Experience with EPL in patients suffering from maturity- onset diabetes mellitus and fatty liver started with a randomized, placebo-controlled double-blind study.13 Thirty patients were instructed to reduce diet to 1,200 kcal/d containing 1 g/kg protein. There were five patients in the placebo and seven patients in the EPL group who were treated with 1.0–1.5 g tolbutamide per day. Half of the patients were additionally given 1.8 g of EPL/d, the second half a corresponding placebo. During the 6-month treatment phase, liver size hardly changed in the patients of the placebo group, but there was a significant reduction in liver size in the EPL group. The histological examination of the liver biopsy yielded corresponding results: marked improvement was observed in four patients treated with EPL and only in one patient of the placebo group. Although no fatty infiltration was seen in the posttreatment liver biopsy of this patient, he developed the feature of progression to cirrhosis. Also in one patient treated with EPL, whose fatty infiltration was more pronounced at the second biopsy, morphological features of developing discrete fibrosis in portal tract were observed. Altogether, there were seven patients in the EPL group and four under placebo including the patient with developing cirrhosis, whose steatosis improved histologically during the study. Additionally, y-GT was significantly lowered after 1 month, 3 months, and 6 months of EPL therapy, whereas in the control group, the deviations were not statistically significant. Transaminases and bilirubin were within normal range throughout the study.

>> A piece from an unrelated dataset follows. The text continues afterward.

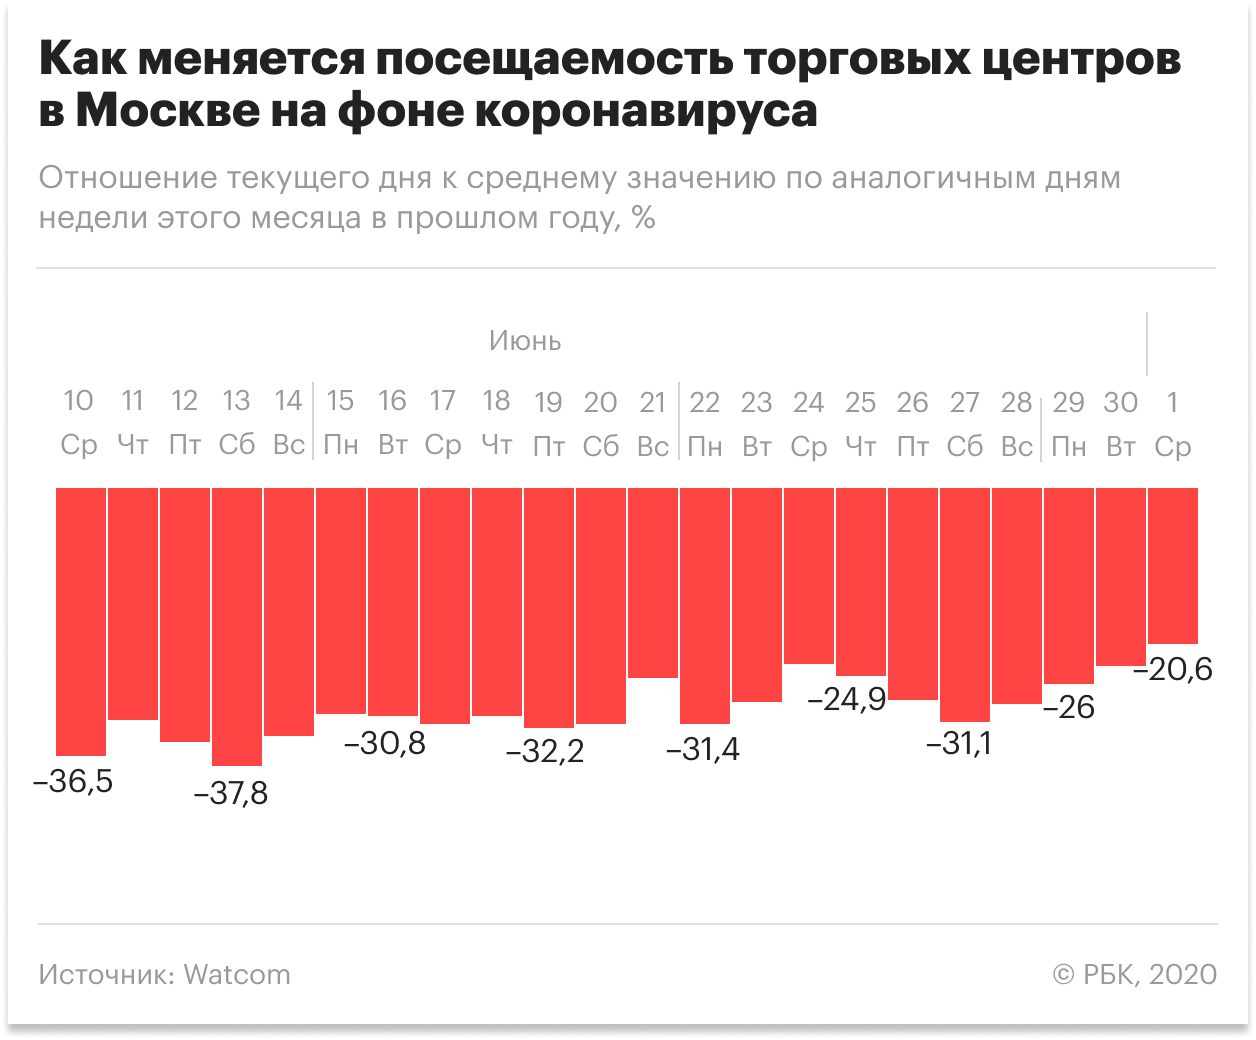 ЦБ сообщил об отказе 44% россиян от обычных покупок ради экономии

Since this double-blind trial, seven further clinical studies confirmed the influence of EPL on diabetes mellitus-associated fatty liver.1420 Yin and Kong14 treated 185 patients with standard diet, oral antidiabetics (not specified) plus physical exercise, and 125 of these patients were treated additionally with 1.8 g of EPL/d for 3 months. Alanine aminotransferase (ALT), serum TC, and TG, low-density lipoprotein- and high-density lipoprotein-cholesterol had significantly improved or normalized within the EPL group, the lipid variables also between the groups. The improvements were seen in 90.2% of the EPL cases and in 51% of the controls. This difference was statistically significant (P<0.05). Fasting blood sugar values improved in both groups, but the difference between the groups was not significant. Twenty-two patients from the study of Poongothai et al15 received, besides a standard diet, antidiabetics depending on the severity of the glycemic level: 22.7% were on metformin therapy, 22.7% on sulfonylurea, 45.5% on combination of both, and 9% on insulin therapy. EPL 2.1 g/d per os was additionally given for 6 months. Ultrasonographic improvement was seen in 54.5% of patients, 40.9% did not show any change, and one case worsened. Hepatic echotexture improved in 80% of subjects with severe diffusion fine echos in hepatic parenchyma, and in 50% of those with slight changes. Transaminases and y-GT improved too. Ohbayashi et al16 treated a female patient with NASH with nateglinide as insulin secretagogue for 7 months, followed by an additional 1.5 g of EPL/d for a total of 2 years. The Homeostasis Model Assessment, (an index of insulin resistance) normalized, same as hepatorenal echo contrast, transaminases, y-GT, and ferritin. The beneficial effect continued over the 24 months of study. Liver biopsy, evaluated using Brunt’s criteria, improved from stage two to zero after 9 months of EPL administration; steatosis decreased, and ballooning, intra-acinus inflammation, and portal tract inflammation disappeared.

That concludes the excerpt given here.